Option 1: Faecal Occult Blood Test every 1-2 years (FOBT stool test) +/- one lifetime colonoscopy at 60-65 years old

  • Conveniently done at home, this non-invasive, inexpensive test, detects “invisible” bleeding of  early stage “silent” bowel cancer or polyps
  • Bowel cancer or polyps may bleed silently for several years. The only way to find this silent bleeding is with a FOBT stool test.
  • On a 15 year program, it decreases your chance of dying from bowel cancer 1% per year if you check a FOBT every 2 years and 2% per year if done annually. Namely, it is proven to  decrease bowel cancer death by 15%  if repeated every 2 years or 30%  if repeated annually over 15 years respectively.
  • 1 or 2 negative FOBTs is not an “all clear”. Negative test may still have a cancer or polyps. You must stay in the program for over 10 -15 years to be worthwhile
  • positive FOBT = bowel cancer only 3-5%. All positive FOBTs need  colonoscopy to investigate cause.

 Option 2: Colonoscopy every 10 years (starting age: 40 if family history, 50 men, 55 women)

  • most accurate, well tolerated and probably the most effective
  • proven decrease bowel cancer death by at least 50%
  • needs bowel preparation, 2-4 hours in day hospital, sedation
  • most costly, and medicare does not covered this option.
  • 1 in 500 may have a serious complication
  • negative test does not exclude polyps or cancer in 100%.

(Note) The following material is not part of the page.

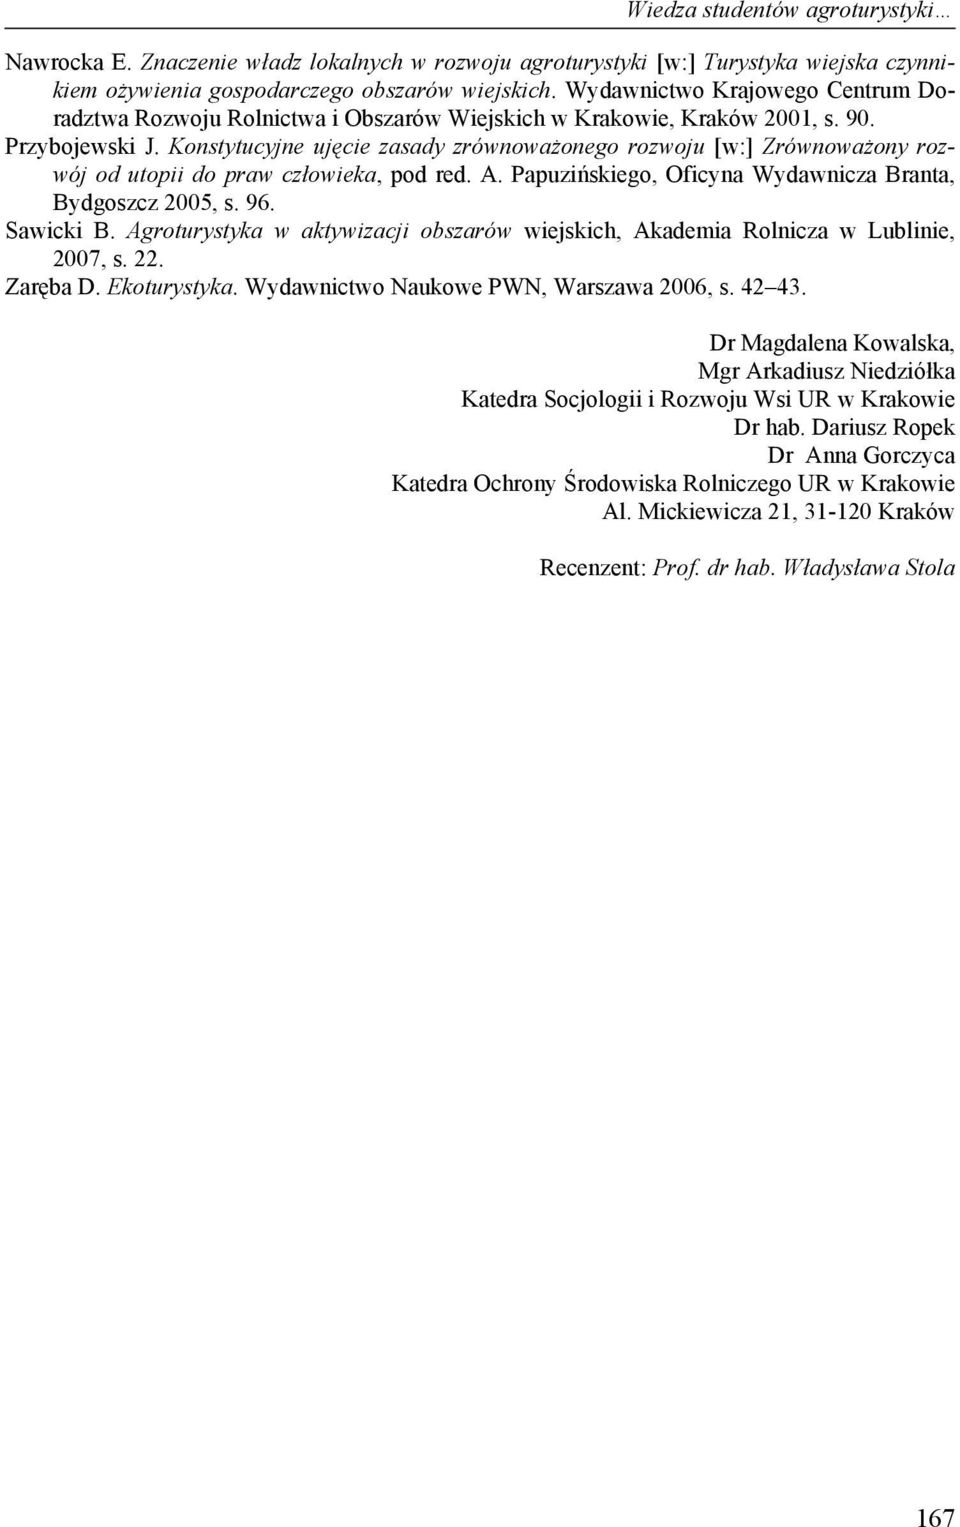 Konstytucyjne ujęcie zasady zrównoważonego rozwoju [w:] Zrównoważony rozwój od utopii do praw człowieka, pod red. A. Papuzińskiego, Oficyna Wydawnicza Branta, Bydgoszcz 2005, s. 96. Sawicki B.

 Option 3: Flexible sigmoidoscopy every 5 years plus FOBT

  • This is a common choice in the UK.
  • accurate, avoid large volume bowel preparation, no sedation
  • only examines left side of bowel where most bowel cancer is found and to decrease risk of missing right-sided lesions do FOBT
  • 1 in 15000 may have a serious complication

Option 4: CT- colonography every 5 years

  • accurate and easy to perform provided reporting doctor is experienced
  • may miss small polyps, needs bowel prep, may be uncomfortable
  • radiation dose = 350 Xrays
  • need colonoscopy for polyps
  • often find irrelevant lesions which bring further worry and require followup testing and scans for month/years

Is bowel screening for me?

  • If you are 50 years or over, bowel cancer screening may save your life. Even if 40 years old there can be benefits.
  • Australians are being invited to take part in the Government funded National Bowel Cancer screening program using the “FOBT every 2 years” option.
  • Over 70% of Australians have probably had some form of bowel cancer screening
  • About 70% (even when offered FOBT screening) do not take it up. This may be partly why we have not seen a significant decrease in bowel cancer deaths in Australia since the 1960s.
  • Many people who come to a specialist favour colonoscopy every 10 years (or every 5 years if there is a moderate family history). There are also many who choose the less invasive, convenient FOBT stool test at home every year (or two).
  • Screening for bowel cancer, when you feel well, have no symptoms and have no family member with bowel cancer, is a preventative health decision.
  • Other examples include: asking a doctor for a‘flu shot or to check your blood pressure or sugar level for diabetes, or an annual skin check for skin cancers, or for women, a mammogram for breast cancer or pap smears for cervical cancer or, for men a prostate examination
  • Talk your decision over with your doctor. Encourage the people close to you over 50 to do the same. Each option has a set of benefits and risks. None is 100% accurate. Any form of bowel cancer screening may save your life or a loved one and is better than waiting until it is too late.

"Are you over 50?

                                             ... then you are at significant risk for bowel cancer.

As Australians we are number 3 in the world rankings after Slovenia and New Zealand"

"Deaths from bowel cancer have not fallen much since the 1960s.

Don’t die from embarrassment. Screening saves lives.”